Sarah Kurdoghlian

CSC 448 Bioinformatics Algorithms Project | The goal is to aggregate bioinformatic analysis of COVID-19. We will be researching and analyzing the latest novel coronavirus data on a weekly basis as a part of CSC 448 Bioinformatics Algorithms at Cal Poly.

Week 1

To begin our research, we will be reviewing a few online coronavirus resources. This will help consolidate reliable sources of information.

1) The COVID-19 Tracking Project

Overview

The most complete testing data and results for the U.S. are publicly available for download as a CSV or for access through API requests.

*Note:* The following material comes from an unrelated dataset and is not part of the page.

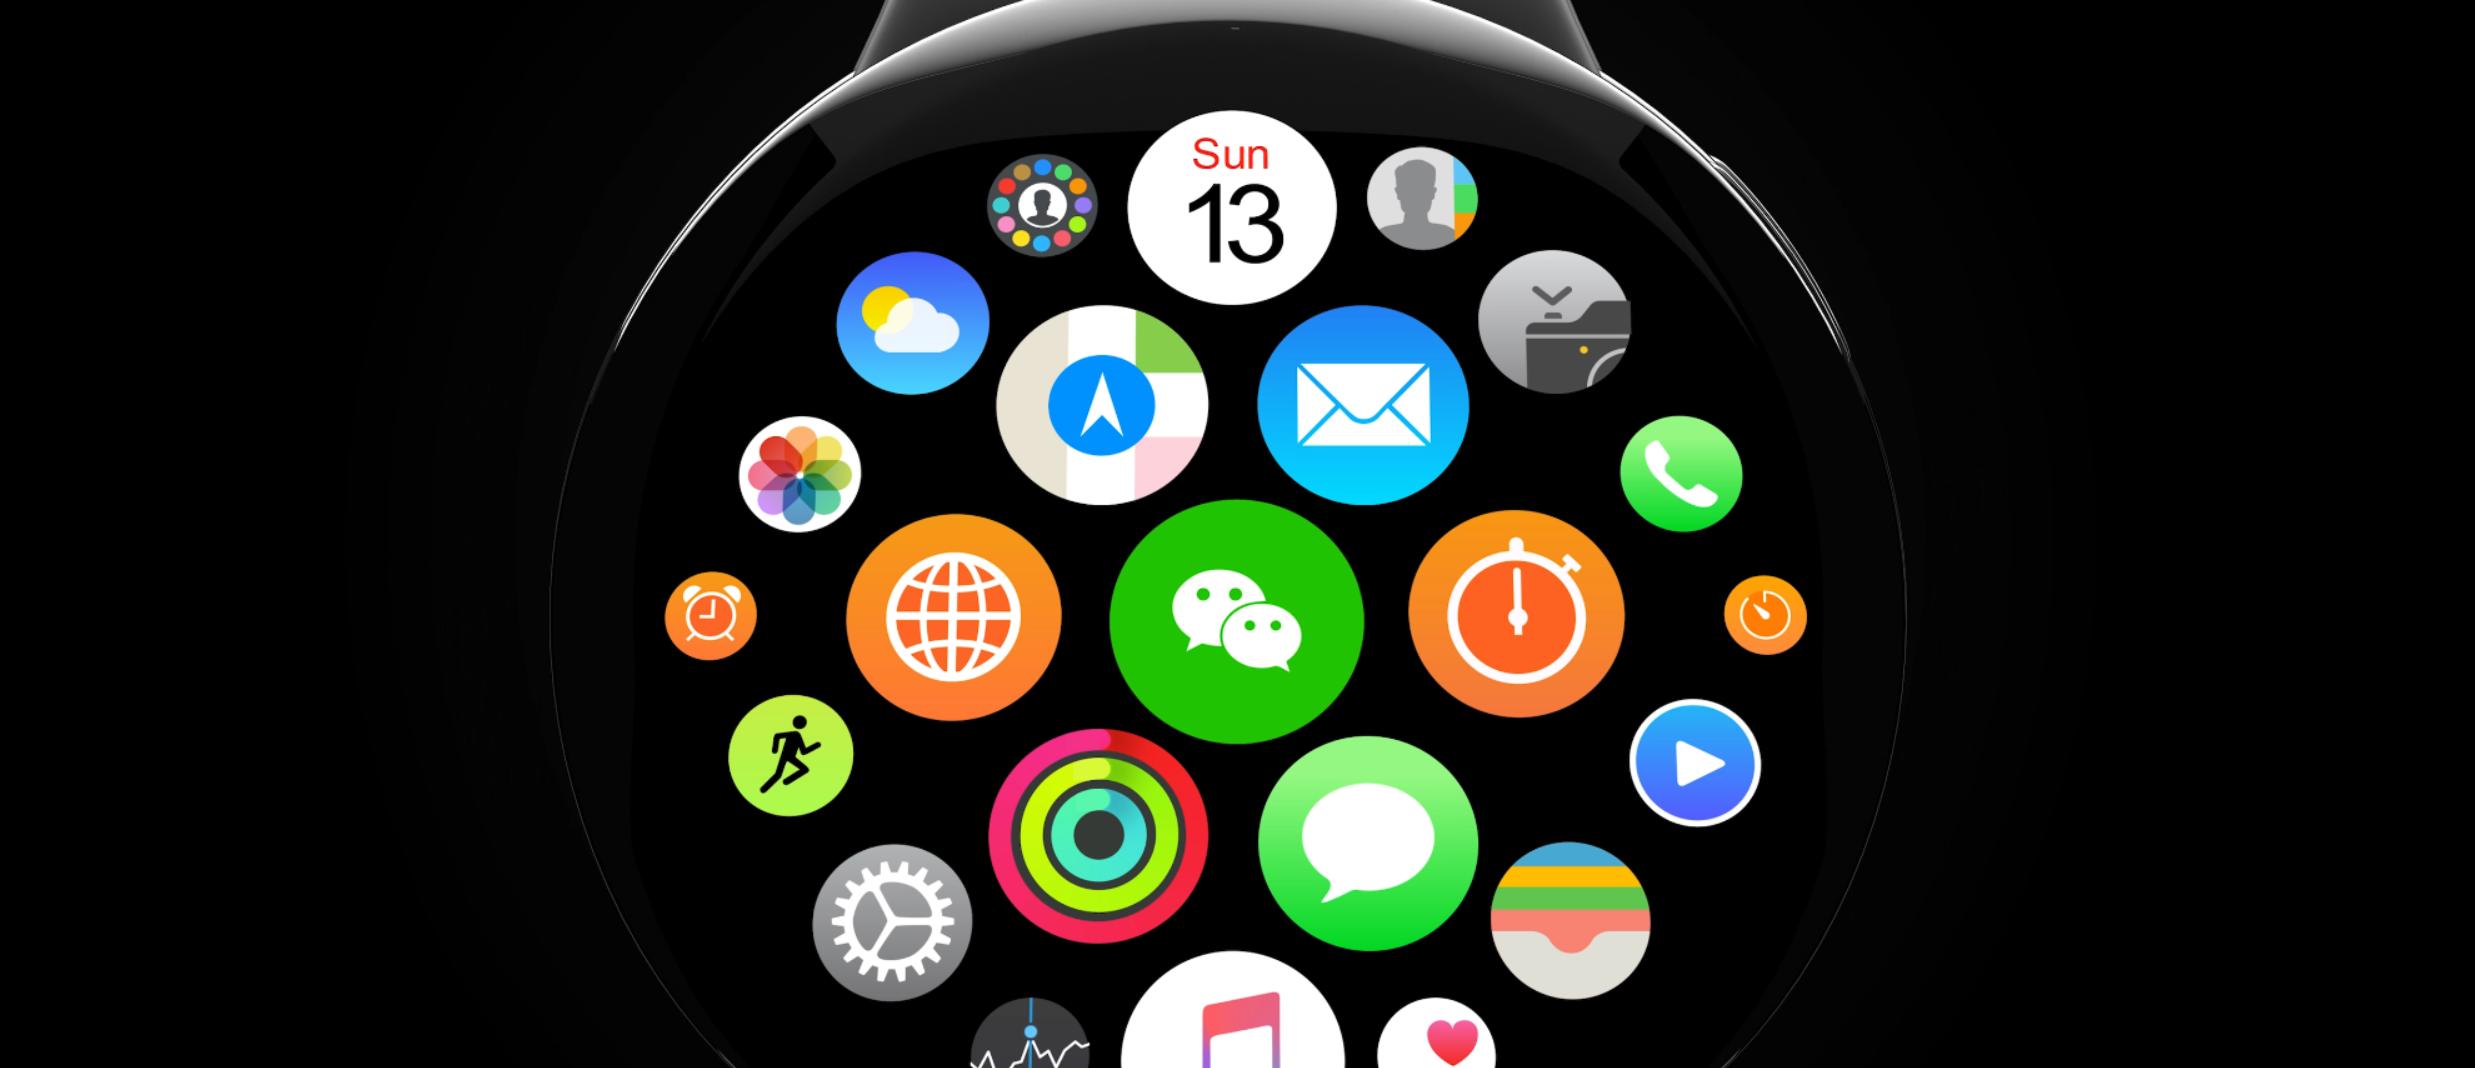 Apple Watch X concept 2017

Here is their data api.

Analysis

I used the API and the /api/us/daily endpoint, which consists of US historical data, to conduct my own mini analysis. I asked the question: What are the trends in the increase of positive cases and negative cases as the number of test results increase?

View the python notebook here.

The plot at the bottom of the notebook shows a correlation between the number of test results and positive and negative cases. As the number of test results increases, we also see a large spike in the number of negative test results, which I would say is a good thing. We also see a much smaller spike in the number of positive results. Right now, the purple line for “increase in positive cases” is slightly sloped upward, indicating that each day more people are testing positive than the day before, but not significantly more people. The purple line for “increase in positive cases” is not hiking upwards, and ideally we want to see that line begin a downward slope. That would indicate to us that as the number of test results increase, the number of people testing postive is becoming less than day before. Similarly, we want to see the blue line labeled “increase in negative cases” continue hiking upward. This would indicate that each day, more people are testing negative than the day before.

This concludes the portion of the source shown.